April 30 – CNBC (Diana Olick): “Strong demand and tight supply continue to push home values higher, even though mortgage rates are now moving higher again. Home prices in February jumped 6.4% year over year, another increase after the prior month’s annual gain of 6%, according to the S&P CoreLogic Case-Shiller national home price index… It was the fastest rate of price growth since November 2022. The 10-city composite rose 8%, up from a 7.4% increase in the previous month. The 20-city composite saw an annual gain of 7.3%, up from a 6.6% advance in January. ‘Following last year’s decline, U.S. home prices are at or near all-time highs,’ said Brian Luke, head of commodities, real and digital assets at S&P Dow Jones Indices. ‘For the third consecutive month, all cities reported increases in annual prices, with four currently at all-time highs: San Diego, Los Angeles, Washington, D.C., and New York.’”

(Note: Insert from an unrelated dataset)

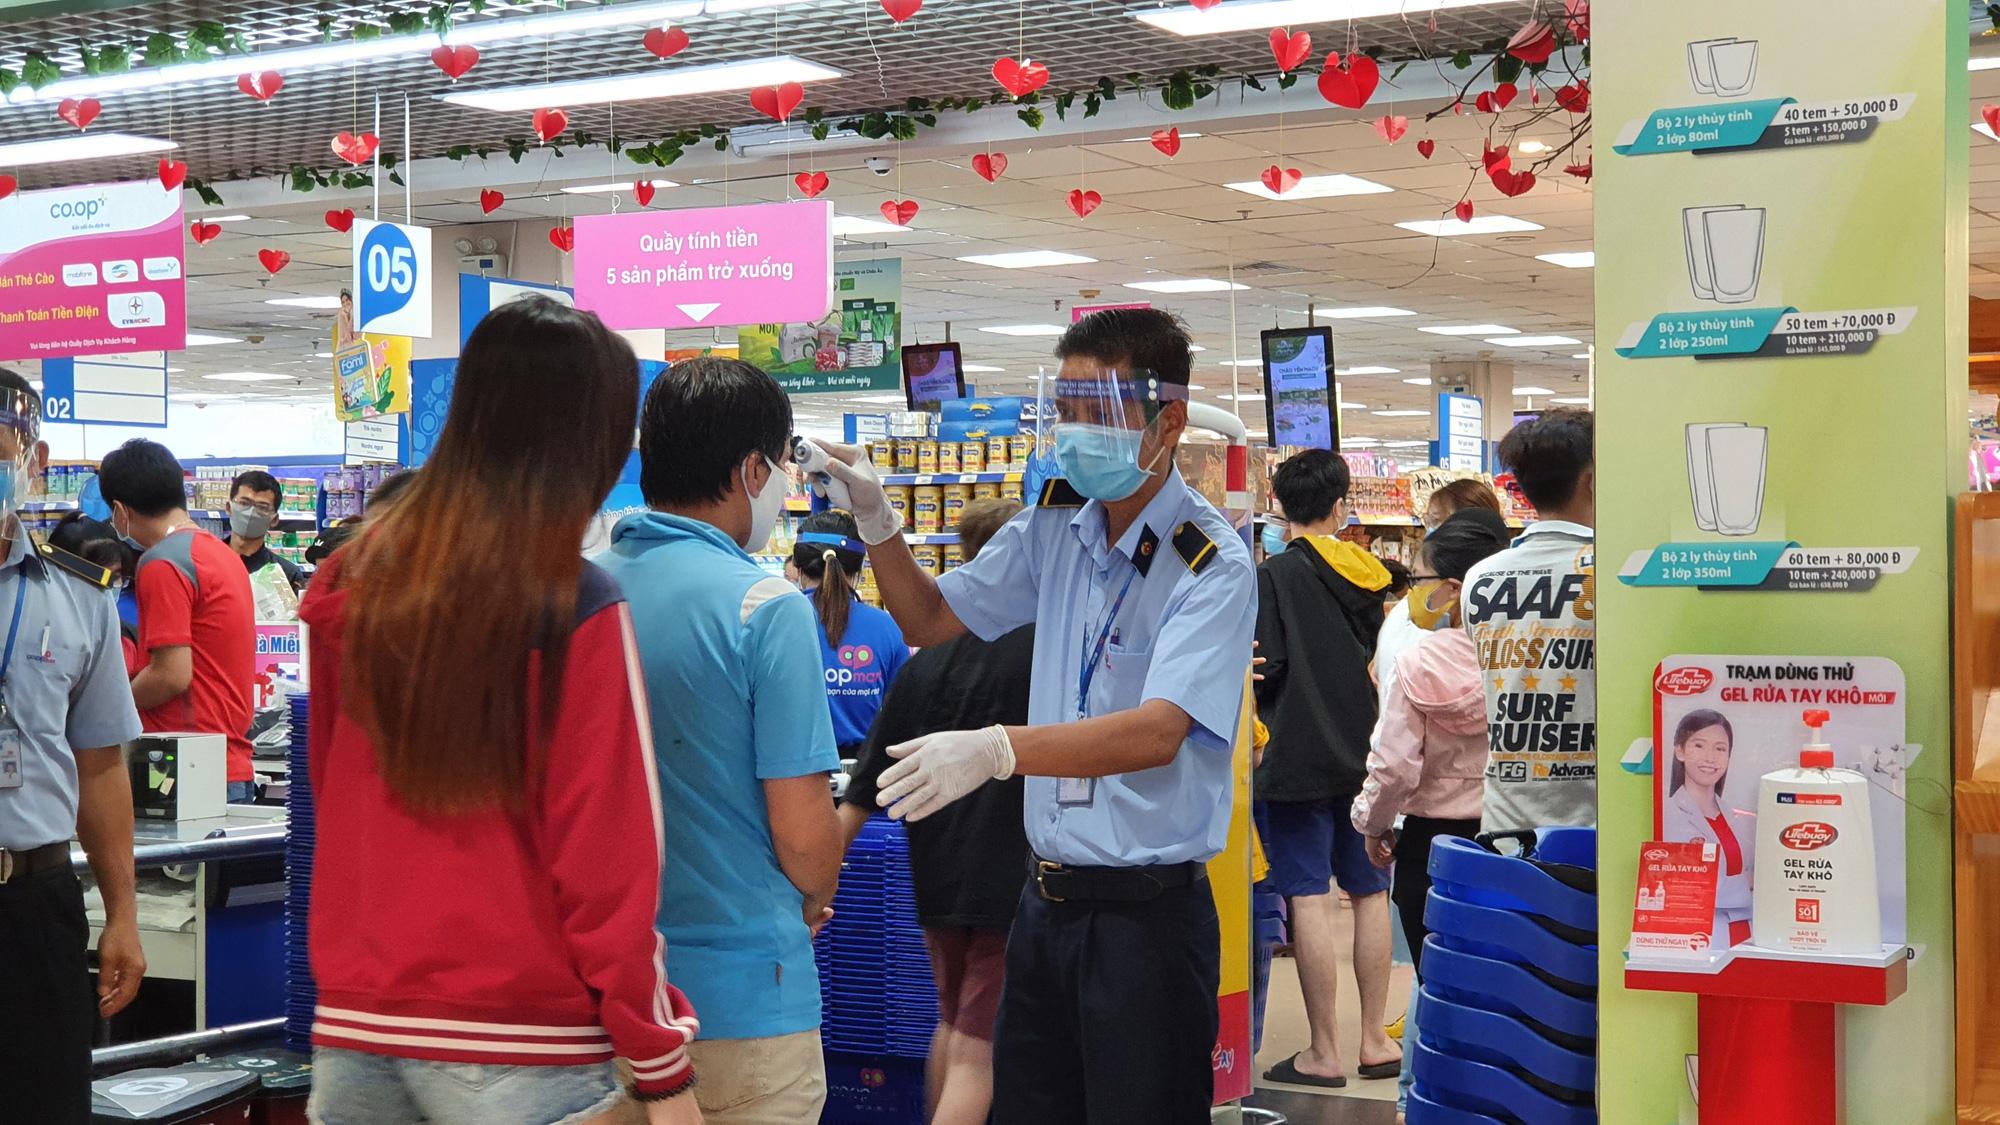 Sợ siêu thị đóng cửa, bị rủ rê… người Sài gòn kéo nhau đi mua đồ về trữ cho 14 ngày cách li xã hội - Ảnh 2.

April 28 – Wall Street Journal (Heather Haddon): “Restaurants for months have said menu prices in California would rise as the state raised the minimum wage for fast-food workers. Now they are following through. Consumers picking up burgers, burritos and chicken sandwiches at chains in the Golden State are grappling with prices that for months have been rising at a faster clip than in other states, according to… Datassential. Since September, when California moved to require large fast-food chains to bump up their minimum hourly pay to $20 in April, fast-food and fast-casual restaurants in California have increased prices by 10% overall, outpacing all other states…”
April 27 – Bloomberg (Naureen S. Malik): “A surge in Texas power prices for August suggests another summer of heavy electricity demand — and potential grid strain — to meet air-conditioning needs. Traders start looking at prices months in advance to gauge the outlook for demand. Already in mid-April, August power prices for Dallas soared to $168.70 a megawatt-hour, which was the highest level in five years for this time of the year… Prices were still hovering around that level on Friday, an 82% premium versus a year earlier.”
May 2 – CNBC (Sam Meredith): “Spain’s Deoleo, the world’s largest olive oil producer, says the industry needs to undergo a ‘profound transformation’ as it grapples with one of the most challenging moments in its history. A perfect storm of climate change, soaring prices, high interest rates and robust inflation has taken its toll throughout the olive oil value chain in recent months. Two consecutive years of scorching heat in Spain have limited olive harvests, culminating in an unprecedented price rally… Spain accounts for more than 40% of the world’s olive oil production, making it a global reference for prices. ‘We are facing one of the most difficult moments in the history of the sector,’ Miguel Angel Guzman, chief sales officer at Deoleo, told CNBC… ‘Strong inflation along with high interest rates and unfavourable olive oil harvest forecasts (in terms of quantity and quality due to the drought cycle) has caused prices to increase considerably,’ Guzman said.”
Federal Reserve Watch:
May 1 – Bloomberg (Craig Torres): “The Federal Reserve signaled fresh concerns about inflation while indicating it was likely to keep borrowing costs elevated for longer rather than raising them again. Officials unanimously decided… to leave the target range for the benchmark federal funds rate at 5.25% to 5.5% — where it’s been since July — following a slew of data that pointed to lingering price pressures in the US economy. They also reaffirmed the need for more evidence that price gains are cooling before cutting interest rates from a two-decade high. ‘So far this year, the data have not given us that greater confidence in particular’ that rate cuts are appropriate, Chair Jerome Powell said… ‘Readings on inflation have come in above expectations. It is likely that gaining such greater confidence will take longer than previously expected.’”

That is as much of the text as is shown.